Diciembre, 1920. Cámara de Representantes, Washington, DC. En medio de un enconado debate sobre inmigración, el congresista Harold Knutson pide la palabra. Se levanta del escaño y carraspea dispuesto a lanzar una arenga.
Knutson, nacido en Noruega, comienza arremetiendo contra ciertos extranjeros que, según él, solo vienen a quitar puestos de trabajo a los nativos y a contaminarlos de radicalismos foráneos. Afirma haber estado días atrás en Ellis Island y haber presenciado la llegada en una sola jornada de más de 2.000 hombres de cierto país particularmente peligroso, según él. Concluye la perorata: “España es un hervidero revuelto de anarquía, y el Gobierno español está juntando a todos esos anarquistas para arrojárnoslos a Estados Unidos”.
¿España? ¿Pero es que hubo alguna vez una emigración masiva de españoles a EE UU? Knutson dejó un panorama erróneo y efectista de uno de los episodios más fascinantes y desconocidos de la historia compartida entre los dos países.
“España es un hervidero de anarquistas y quieren arrojárnoslos a EE UU”, arengó un congresista en 1920
Es cierto que a finales del siglo XIX y principios del XX, decenas de miles de obreros y campesinos españoles se establecieron en compactos enclaves desperdigados a lo largo y ancho de EE UU. Al igual que las comunidades de emigrantes españoles surgidas en Cuba o Argentina, estas colonias del “norte” también se tejían gracias a redes informales y locales en España, y en torno a una definida oferta laboral en el país receptor. Por eso en las primeras décadas del siglo XX encontraremos a gallegos, asturianos y cántabros en las fábricas de puros de Florida; vascos, aragoneses y castellanos en la ganadería y la hostelería del suroeste y en los Estados montañosos del oeste; andaluces, valencianos, extremeños y castellanos en las plantaciones de caña de azúcar de Hawái y en las conserveras de frutas, frutos secos y pescado de California; más cántabros en las canteras de granito de Nueva Inglaterra; aún más asturianos, castellanos, gallegos, valencianos y andaluces en las minas y fábricas del cinturón industrial del noreste y del Medio Oeste. Y en Nueva York, el punto de entrada de tantos, hallaremos inmigrantes de toda España; no solo en los muelles y barcos, donde destacaban numéricamente, sino también en diversos nichos de la economía urbana: de los negocios de puros al servicio doméstico.

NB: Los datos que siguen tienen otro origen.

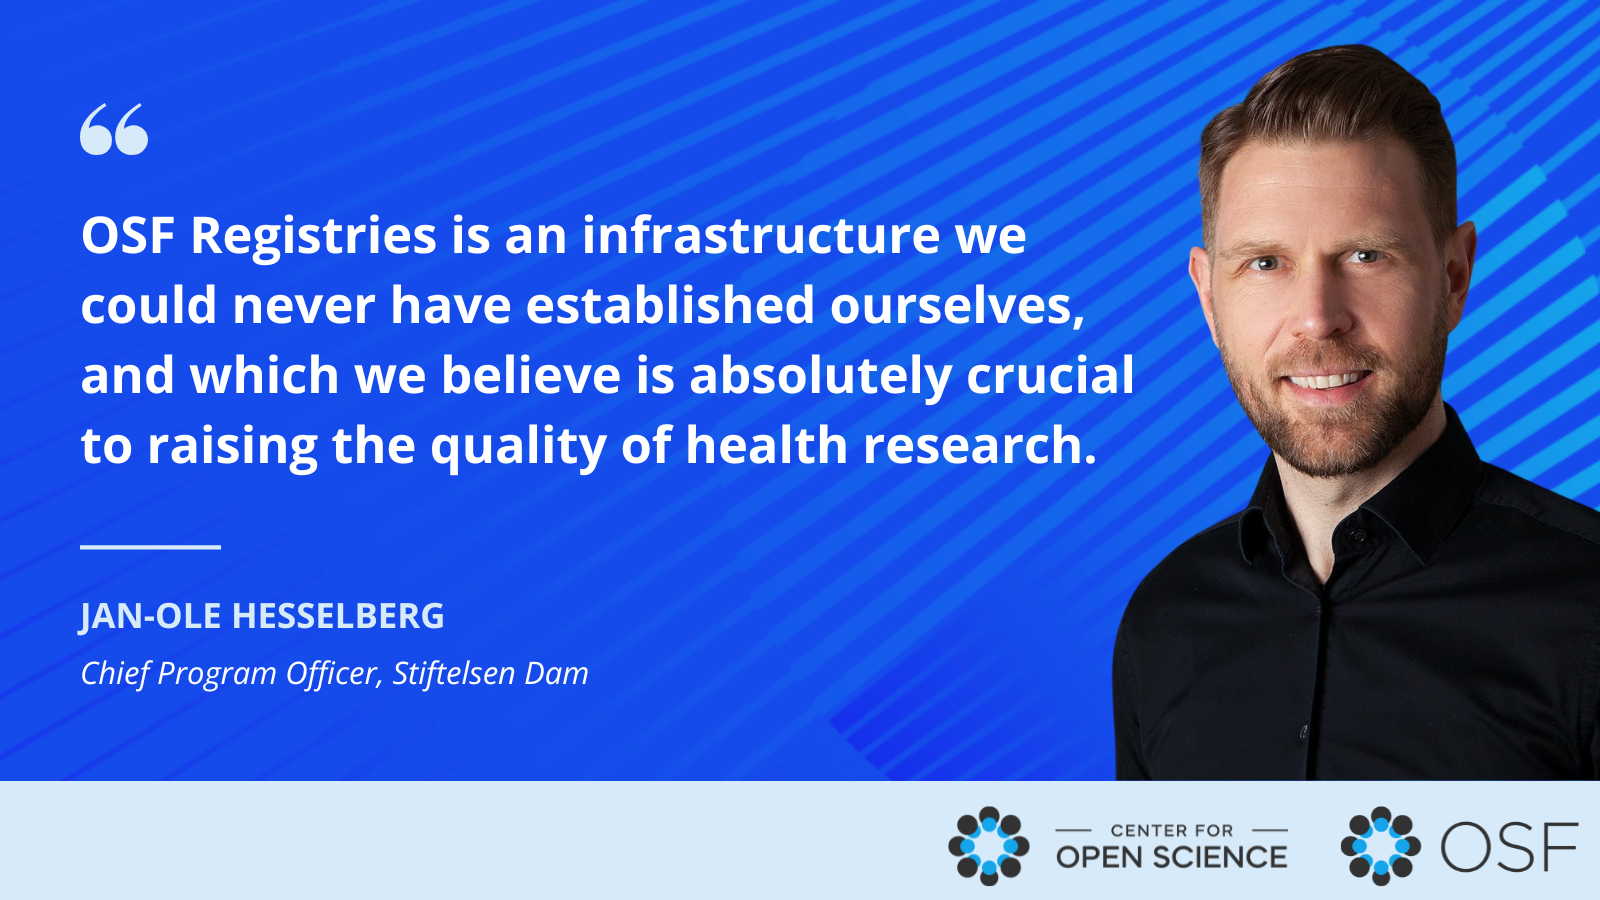 Image of quote: "[OSF Registries] is an infrastructure we could never have established ourselves, and which we believe is absolutely crucial to raising the quality of health research."
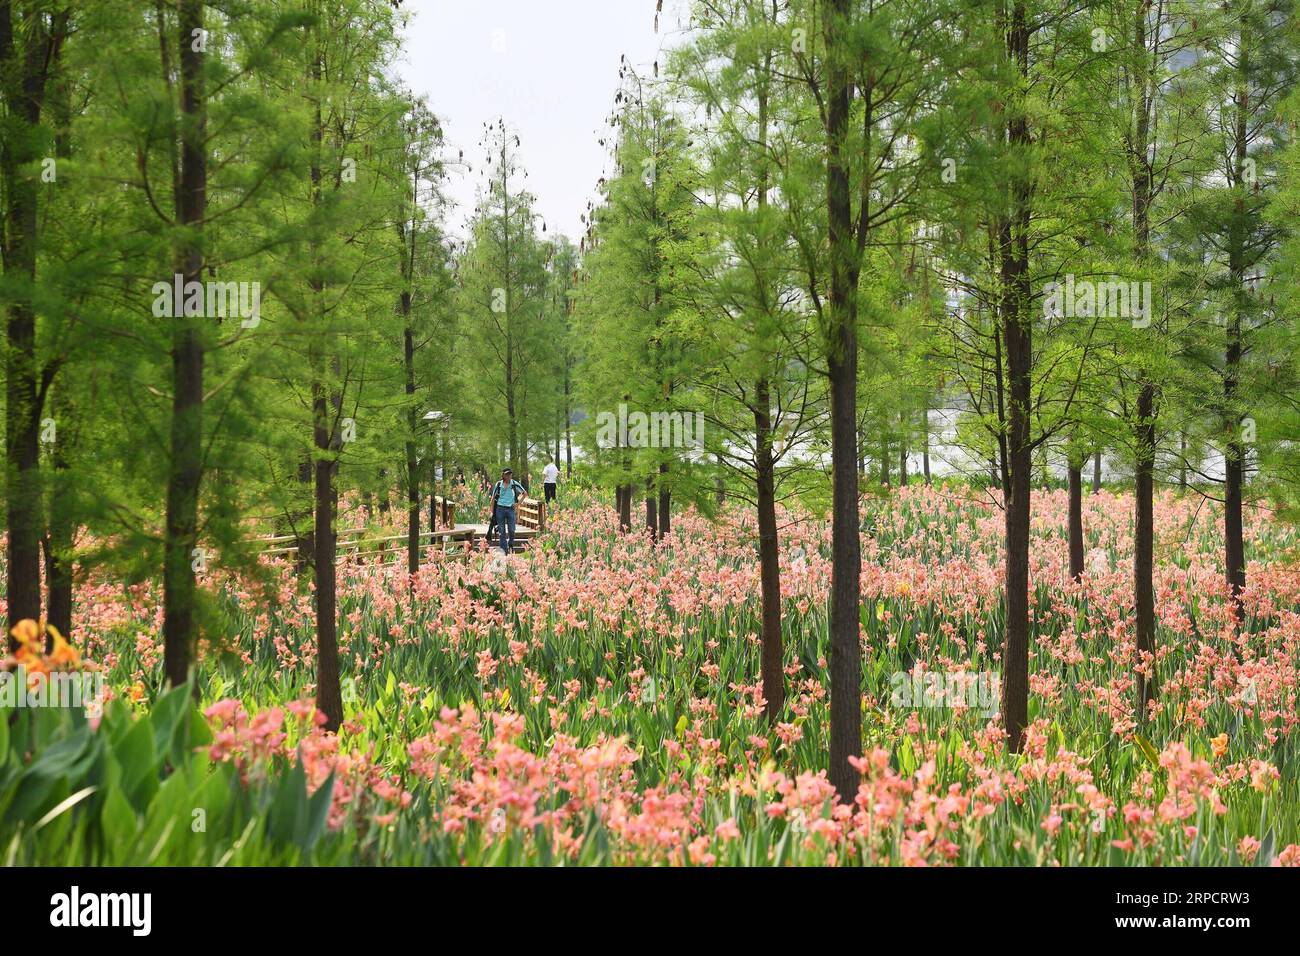 (190712) -- BEIJING, July 12, 2019 -- People visit a landscape belt along the Dongping River in Foshan, south China s Guangdong Province, April 9, 2019. Located in south China, Guangdong Province faces the South China Sea and borders Hunan and Jiangxi provinces to the north. It boasts the well-known Pearl River Delta, which is composed of three upstream rivers and a large number of islands. Due to the climate, Guangdong is famous for a diversified ecological system and environment. In recent years, by upholding the principle of green development, Guangdong has made remarkable achievements in i Stock Photo

Pongamos por caso a José y Carmen, ambos asturianos. Se conocieron en el mismo año de aquella diatriba de Knutson durante un pícnic organizado por el Centro Asturiano de Nueva York. Aquel día, en un parque de Staten Island, con vistas a la Estatua de la Libertad y Ellis Island, Carmen y José casi tuvieron que gritar para hacerse oír entre el vocerío de los paisanos y las melodías de una gaita, que no faltaba nunca en semejantes ocasiones. Ella, de 18 años, le cuenta a su compatriota que acaba de llegar de Sardéu, Ribadesella, reclamada por una hermana que llevaba varios años en la ciudad y que le había conseguido trabajo en Brooklyn como niñera. Él, de 31, con traje de lino claro y sombrero de jipijapa ladeado, responde que nació cerca de Avilés, y que también está recién llegado, aunque ya tiene a la espalda periplos en La Habana y Tampa, Florida. El hombre busca en su cartera una tarjeta de presentación, recién impresa, y se la entrega: José Fernández Álvarez, tabaquero. “Vamos a probar suerte aquí. Pero qué lío con el inglés. En Tampa no hacía falta. ¿Cómo lo lleva usted?”. Ella se ríe: “Pues muy mal. Solo me sé una frase que me han enseñado en la pensión y que ni me sale”. “A ver, a ver…”, insiste el tabaquero. Se sonroja la niñera mientras chapurrea, sin quitar los ojos de la tarjeta: “My room is number 7”.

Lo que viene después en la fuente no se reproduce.